Although officials are determined to continue operating the plant as long as possible and even hopefully triple its annual production, local environmental groups can be expected to make that as difficult as possible. Instead of safer (to sea life) subsurface intake and release pipes, the plant’s 1980s-era technology features open-intake water pipes which environmentalists say unnecessarily kill tiny ocean organisms.

“The city has had problem after problem with the intake system,” complained Kira Redmond, executive director of Santa Barbara Channelkeeper. “They tried to fix a 30-year-old plant that was just sitting there for all these years,” she added, referring to the fact that the plant shut down after just three months in 1991 and wasn’t brought back online until three years ago. “They need to replace the weir box on East Beach and move it back inland so it’s not so vulnerable to rising sea levels.” (A weir box is a water flow measuring device.)

Redmond and other activists are pressuring to force the city to apply for a new coastal development permit, arguing that the plant’s original permit only allowed it to be used to supply water during a drought emergency. They also want to force officials to complete a new Environmental Impact Report (EIR) focusing on whether the plant’s technology from 30 years ago is sufficiently advanced. “They need to do an EIR that looks at desal from the perspective of the modern day, as well as the energy impacts, and climate change impacts,” said Redmond. “We also need a more open public process where we look at all this moving forward.”

Recycled Water, Anyone?

Despite all the debate about desal, the final draft of Santa Barbara’s 50-page term sheet outlining the details of its water supply agreement with Montecito explicitly specifies that it is only obligated to sell Montecito a certain amount of water each year for the next 50 years, and makes no particular promise that any much less every single ounce of that water will be created by its desalination plant. The legal loophole might just sound like typical contract blather in case aliens blow up or steal Santa Barbara’s plant (in which case, water will no longer be our biggest problem).

But 50 years is a long time. It’s entirely possible that Santa Barbara will end up providing just part of the water it will owe Montecito from its desal plant, or perhaps none at all. It all depends on science, economics, and political will. While wave-motion energy based desalination still seems like a pie-in-the-sky notion, proposed innovations in water desalination technology such as reverse osmosis nanomembranes which might radically reduce the energy needed to desalinate water are entirely within the realm of reason.
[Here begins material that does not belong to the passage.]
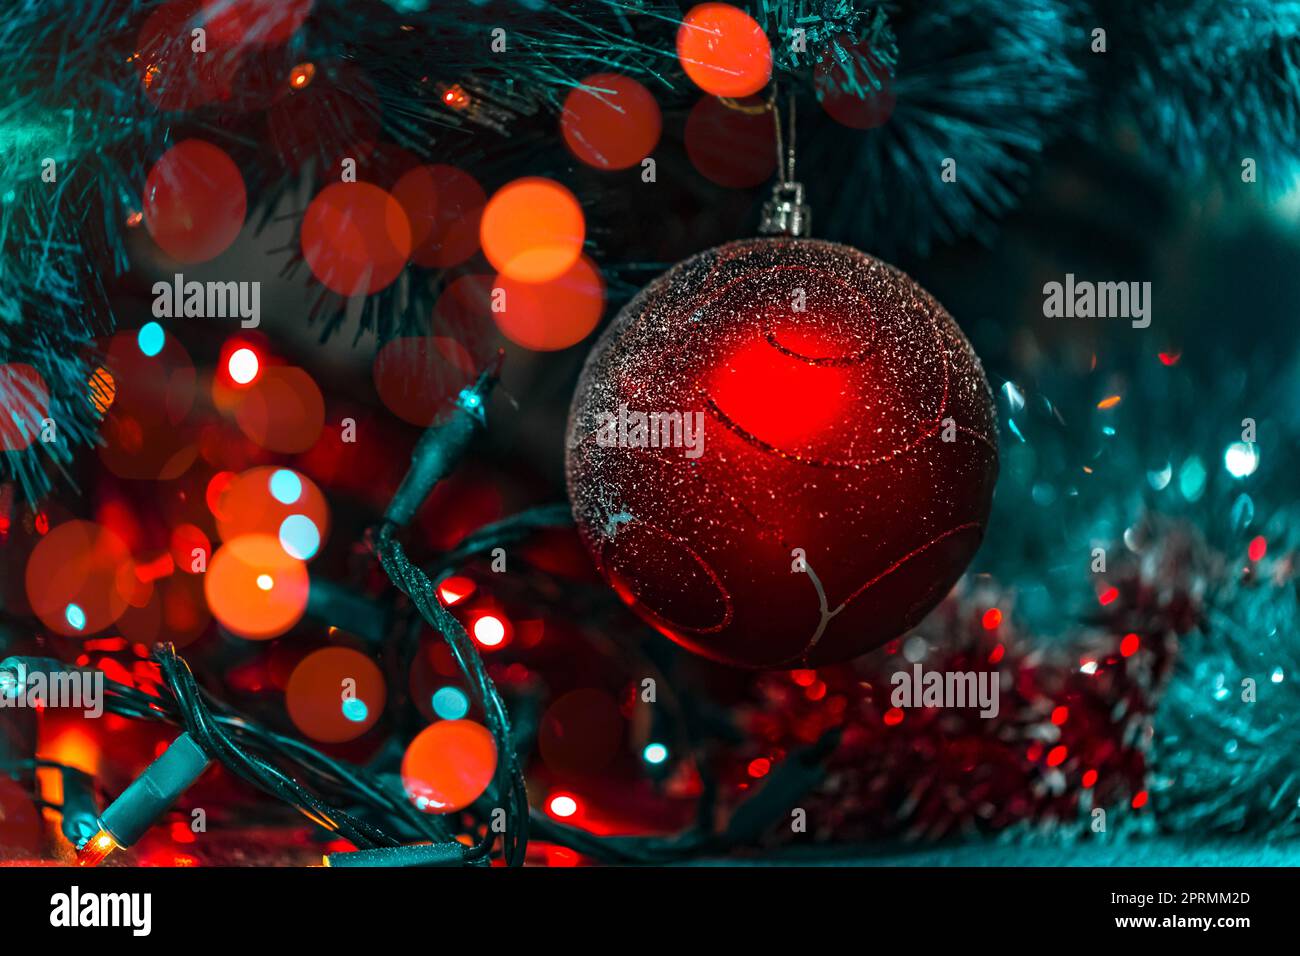 Beautiful Christmas and New Year Decorations. Holiday Background. Xmas Tree with Festive Glowing Lights and Red Shiny Ball. Stylish Baubles Ornament. Stock Photo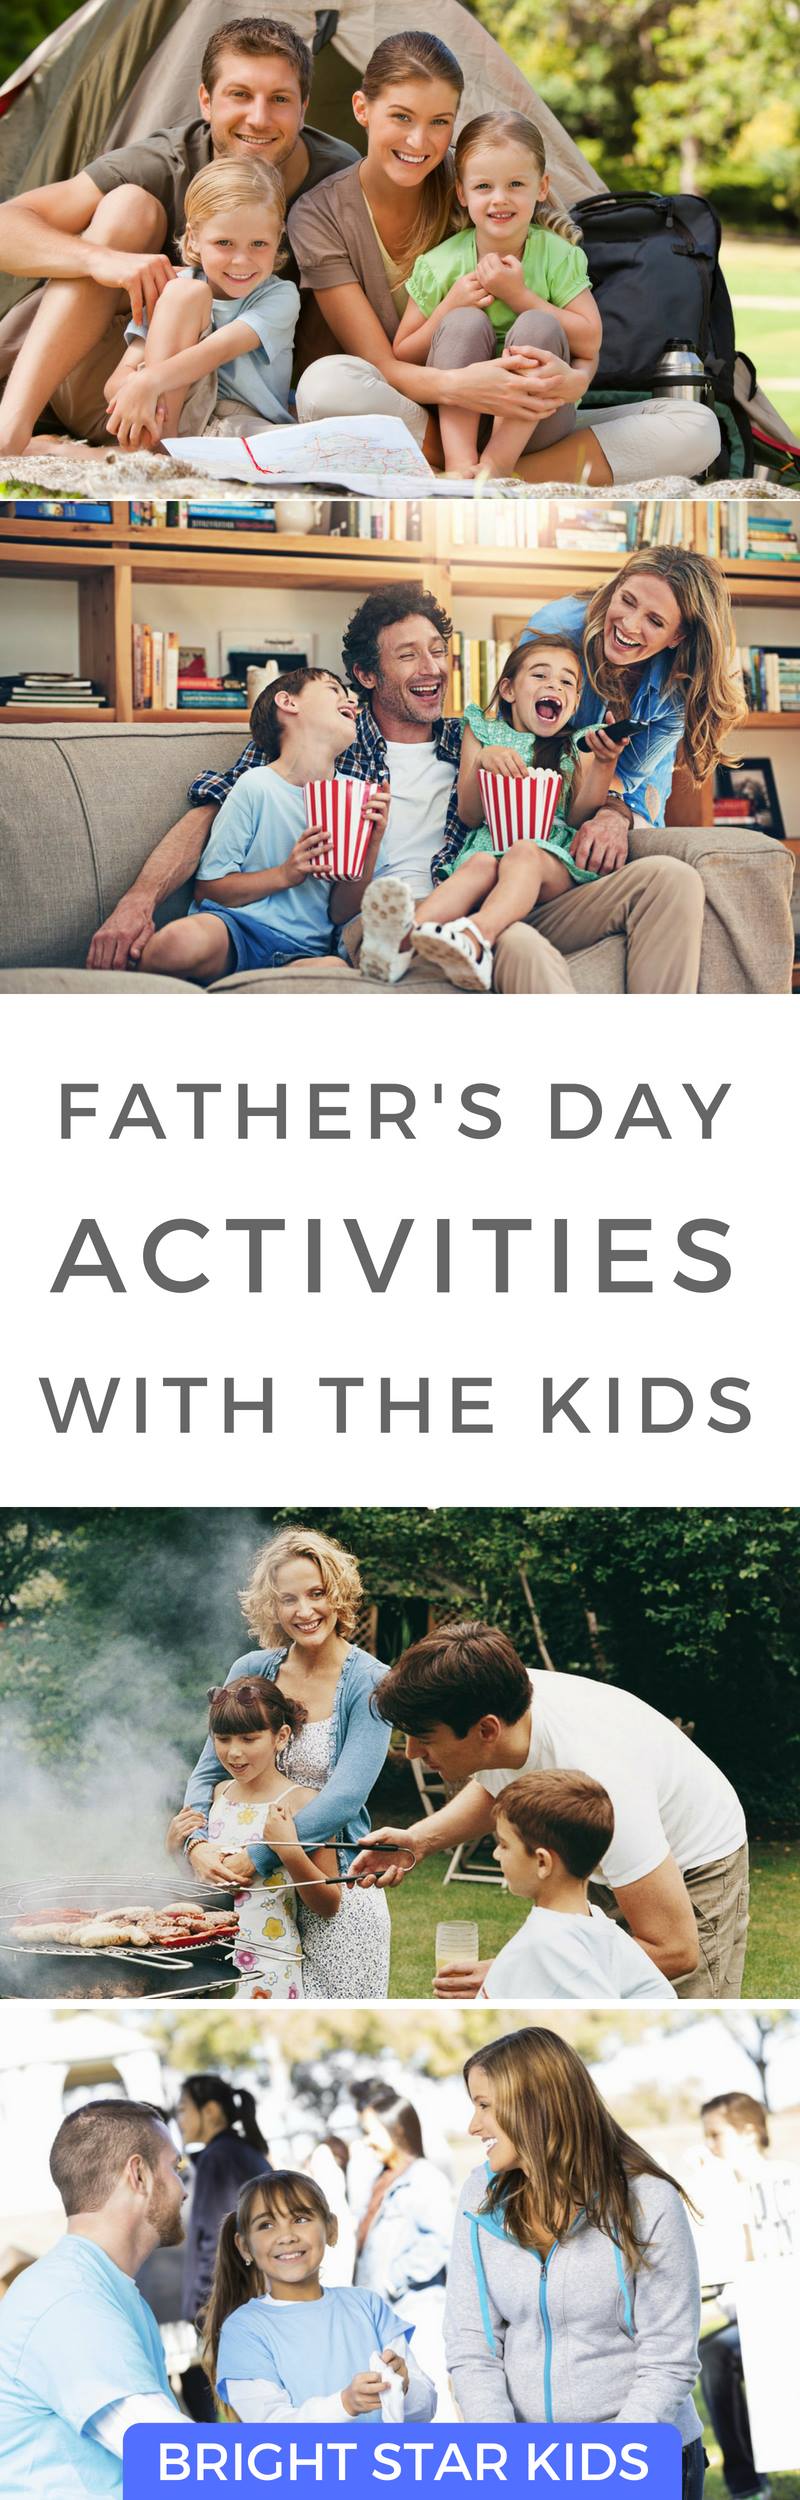 father's day activities

Remember, once upon a time, all efforts to make mass amounts of seawater drinkable by humans were considered pie-in-the-sky. So, you know, Science moves us forward and things can change.

Meanwhile, depending on political trends, Santa Barbara might eventually junk the plant and figure out how to recycle wastewater for landscaping. Or, someday even –cringe alert – we might have mass recycling of waste water into potable household water. “I am a big fan of recycled water,” said Redmond, noting that it has been successfully implemented by water agencies in Los Angeles, Orange County, and San Diego. “It’s also local and drought proof and is water that you will always have no matter what. And you are bettering the environment by dumping less treated sewage into the ground.”
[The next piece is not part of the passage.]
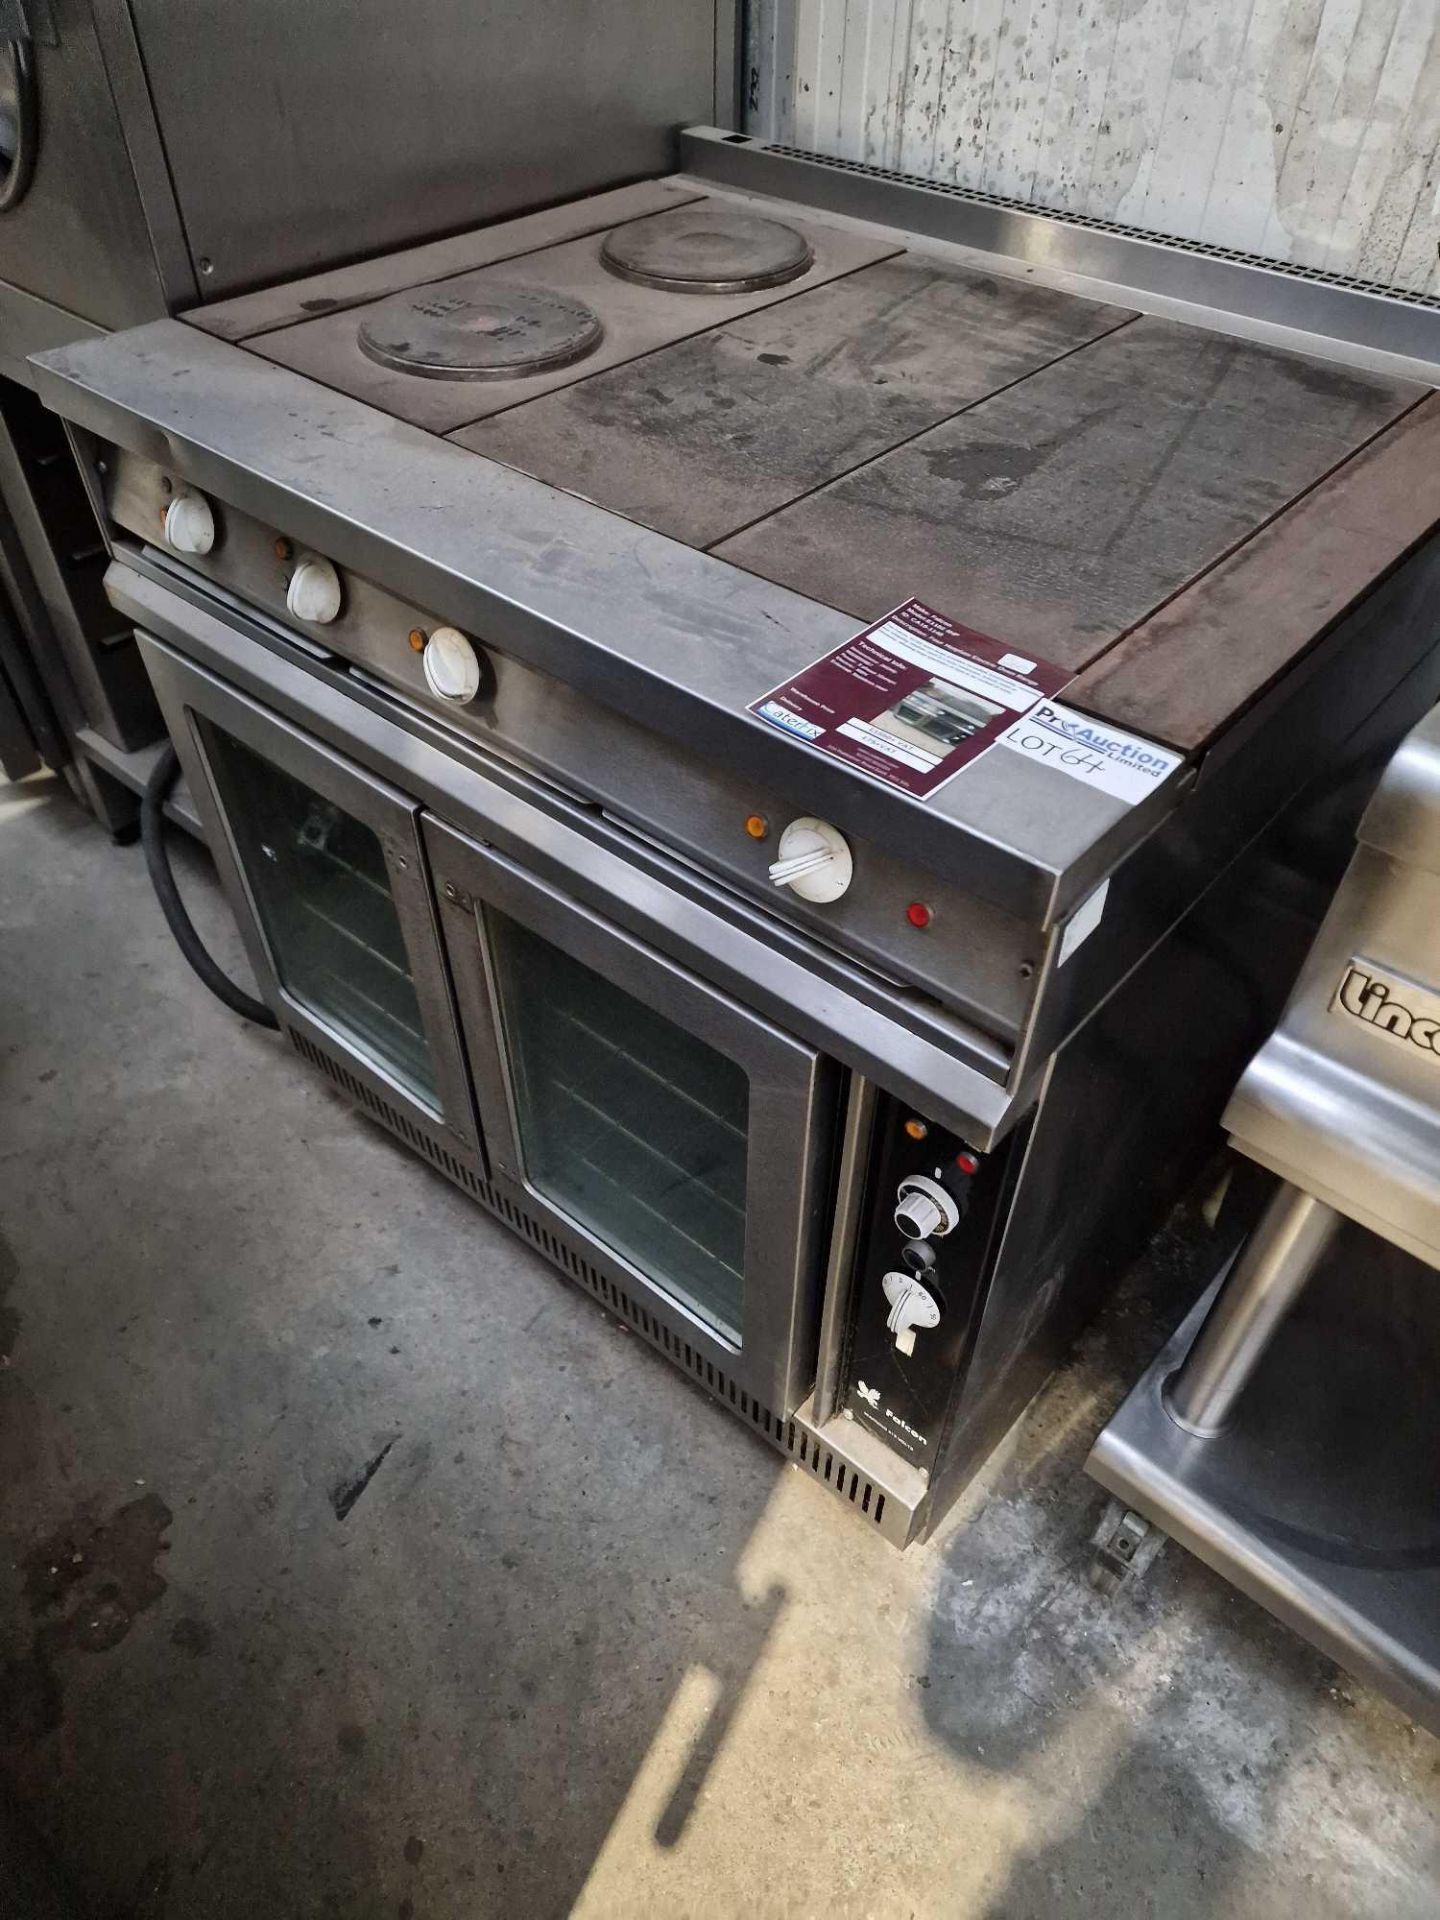 Falcon Stainless Steel Four Hotplate Electric Oven Range The Falcon E1102 oven range provides

Mass scale wastewater recycling, while still a remote possibility, isn’t something that even desal’s biggest proponent, Wicks, necessarily opposes. In fact, says Wicks, he and fellow board member Tobe Plough had initially tried to urge MWD to build a project that included recycling water back in 2015. “We made a proposal to the MWD to do just that,” he said. “We proposed a combined desal and recycled water project, the whole nine yards.”

According to Wicks, the recycled water idea went nowhere thanks to the competing egos and conflicting agendas that typify local water politics. “The important thing about this deal is that, for the first time, we will finally have a reliable local source of water,” he concluded. “No matter how much of it comes from desalination, it will be there and we will have it when we need it.”